CURIOSITIES OF LITERATURE. BY ISAAC DISRAELI. WITH A VIEW OF THE LIFE AND WRITINGS OF THE AUTHOR. BY HIS SON, THE RIGHT HON. B. DISRAELI. IN FOUR VOLUMES. FROM THE FOURTEENTH CORRECTED LONDON EDITION.
Disraeli, Isaac, 1766-1848. Benjamin Disraeli, 1804-1881 (editor).
Published by New York: W.J. Widdleton, Publisher, 1870., 1870
 

Volume 1 Former owner's inscription on front pastedown giving a little history of the books and what they meant to him. Dated 1938. Very Good vintage cloth burgundy covers. Fading to spine cover. Interior clean, thread beginning to show and pulling away from holes in mid book. All pages still firmly connected. Light toning. No serious defects. 447 pgs.
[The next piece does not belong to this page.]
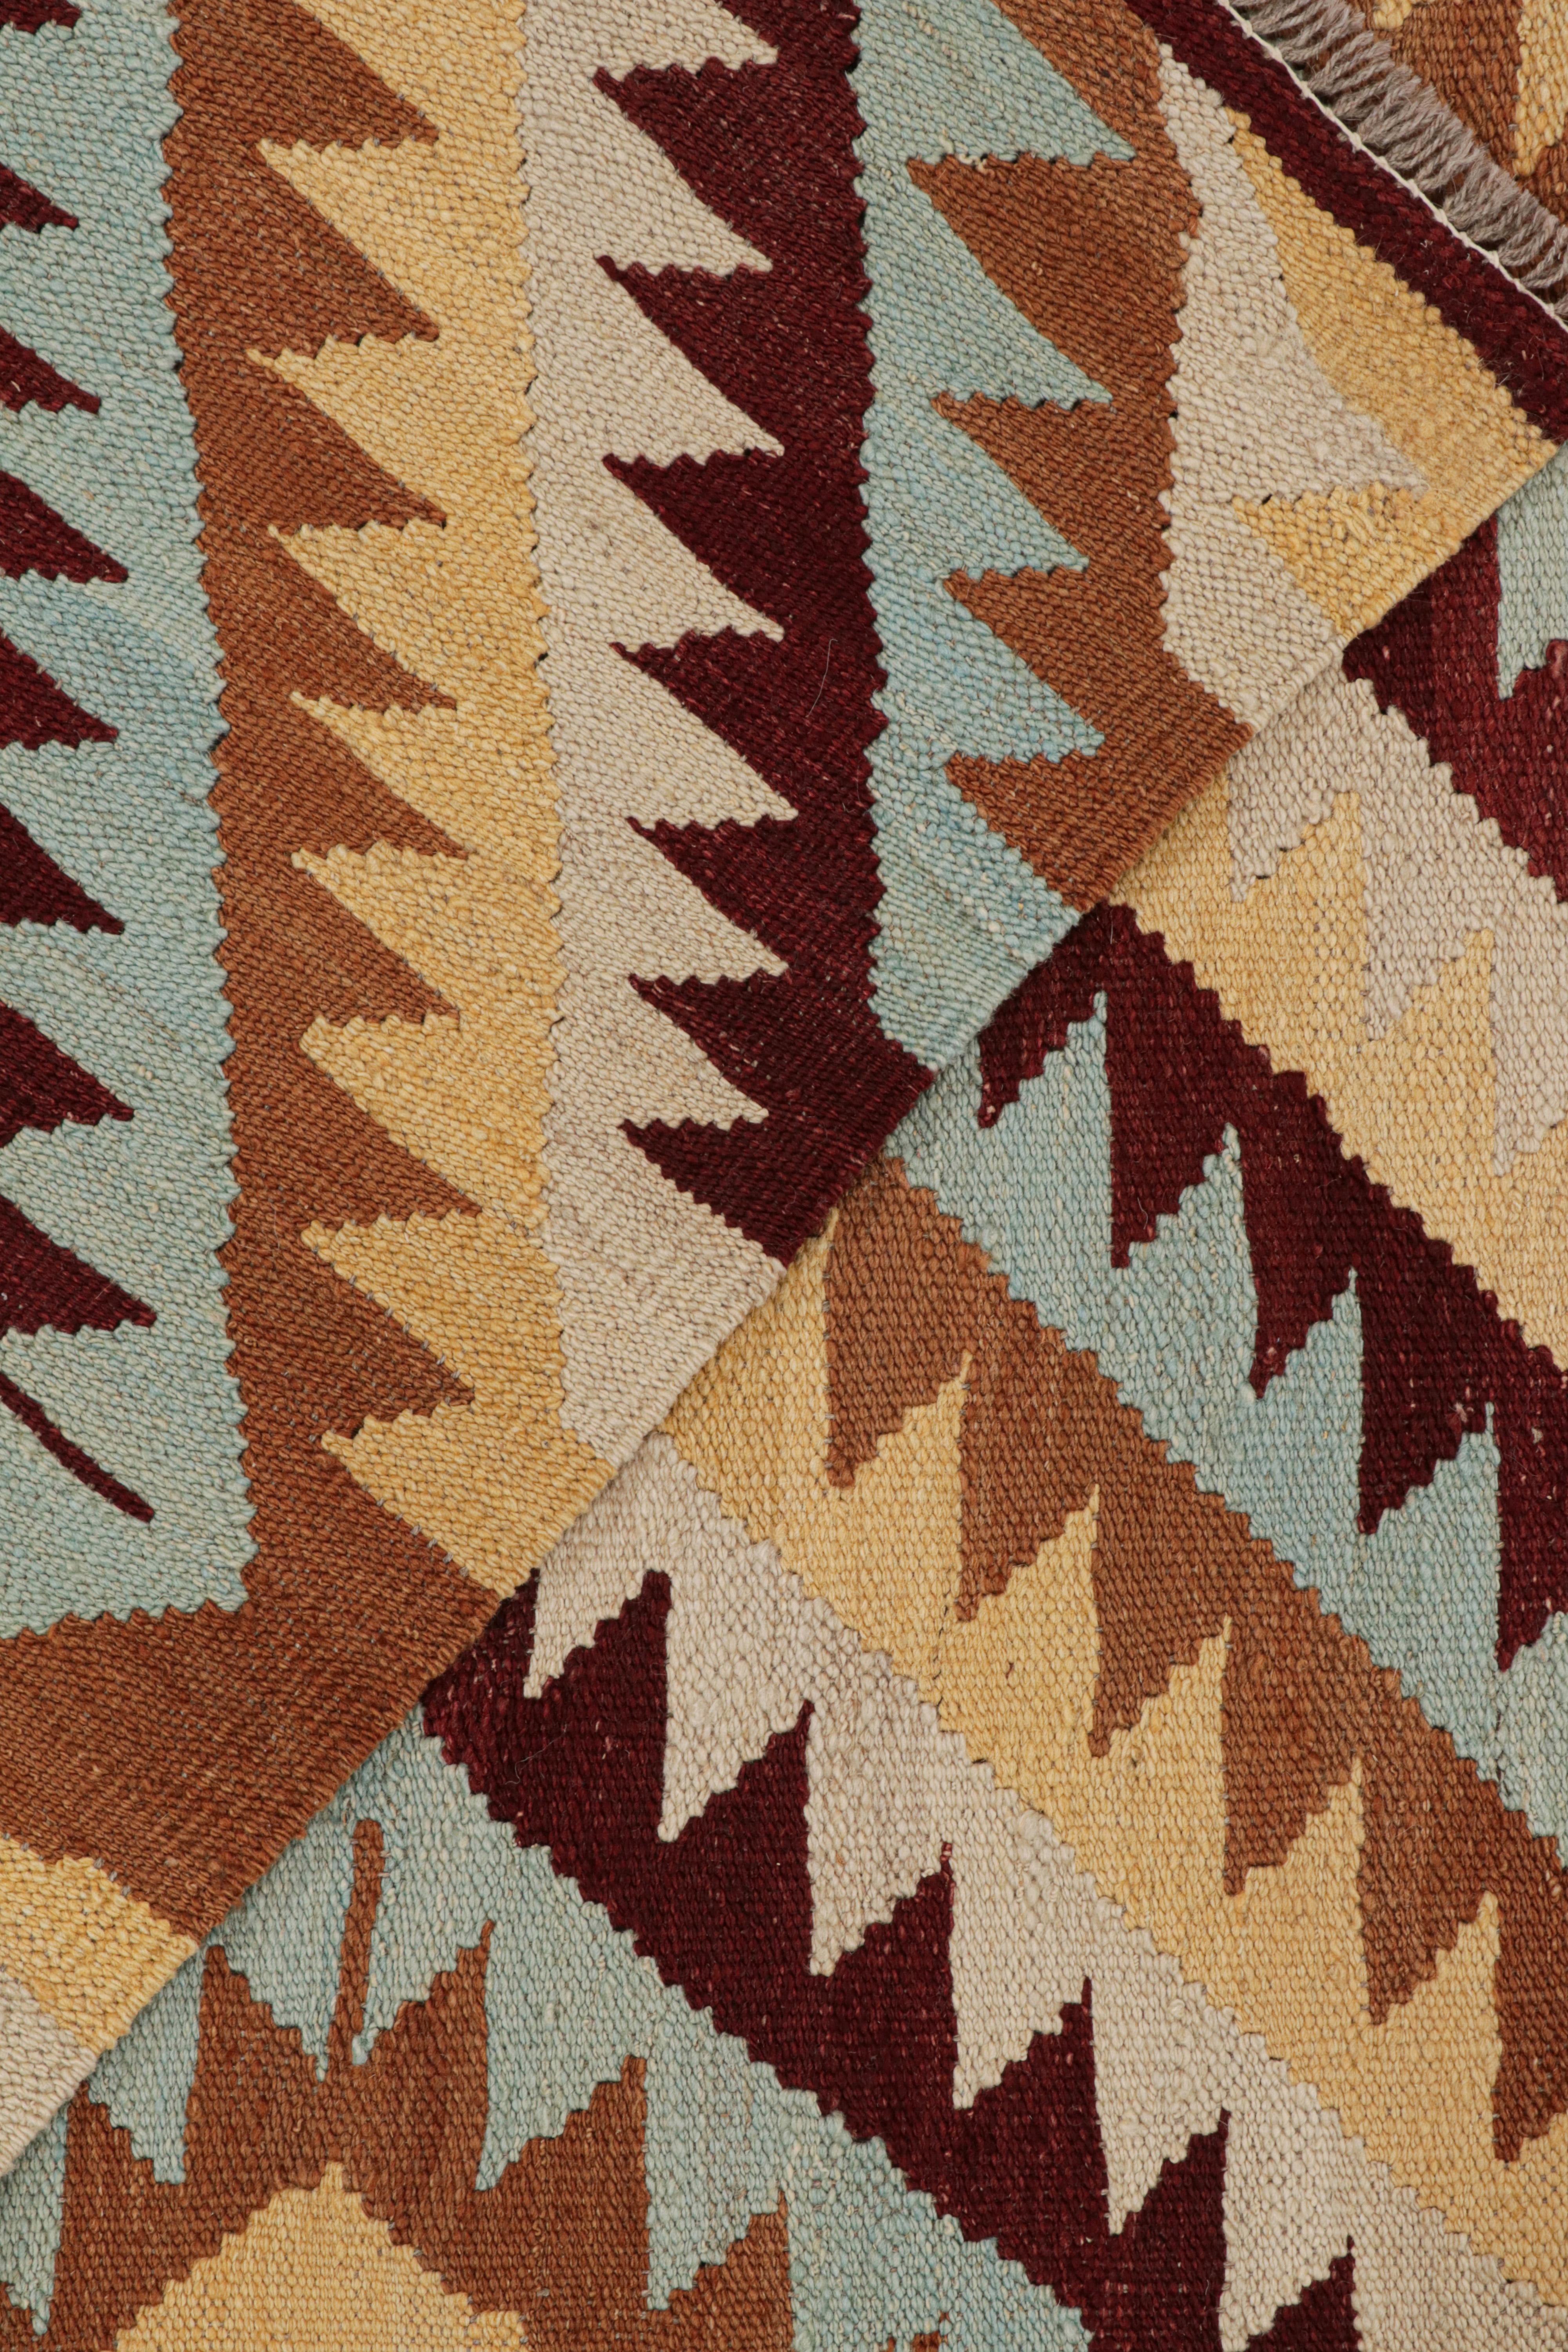 Wool Rug & Kilim’s Tribal Style Kilim in Red, Blue and Beige-Brown Geometric Patterns For Sale

Volume 2  Very good in vintage burgundy cloth boards. Fading to spine cover, Interior clean, spine tight and square. All pages still firmly connected. Light toning. No serious defects. 468 pgs. Followed by publishers ads in rear.

Volume 3  Very good in vintage burgundy cloth boards. Fading to spine cover. Interior clean, spine tight and square. Light toning. 466 pgs. Followed by publishers ads in rear.

Volume 4  Very good in vintage burgundy cloth boards. Fading to spine cover. Interior clean,  thread beginning to show pages starting to pull away between 178-218, relaxed spine. Light toning. 472 pages with index. Followed by publishers ads in rear.

Isaac was born in Enfield, Middlesex England, the only child of  Benjamin D'israeli (1730–1816), a Sephardic Jewish merchant who had immigrated from Cento, Italy in 1748, and his second wife, Sarah Syprut de Gabay Villa Real (1742/3–1825). Isaac received much of his education in Leidel. At the age of 16, he began his literary career with some verses addressed to Samuel Johnson. He became a frequent guest at the table of the publisher John Murray and became one of the noted bibliophiles of the time.

In 1797 D'Israeli published Vaurien, a romantic novel set in radical circles following the French Revolution. Conservative commentators praised the book for its mockery of radicals in England and depiction of Vaurien, who has come from France to ferment revolution. Yet they were perturbed by his depiction of a prostitute, who is kindly and was forced into prostitution to feed her family after her husband was ruined by a litigious neighbour for stealing an apple. Moreover, they were shocked by a chapter in which Disraeli launched a staunch defence of the Jewish community condemning the way Jews were treated in England.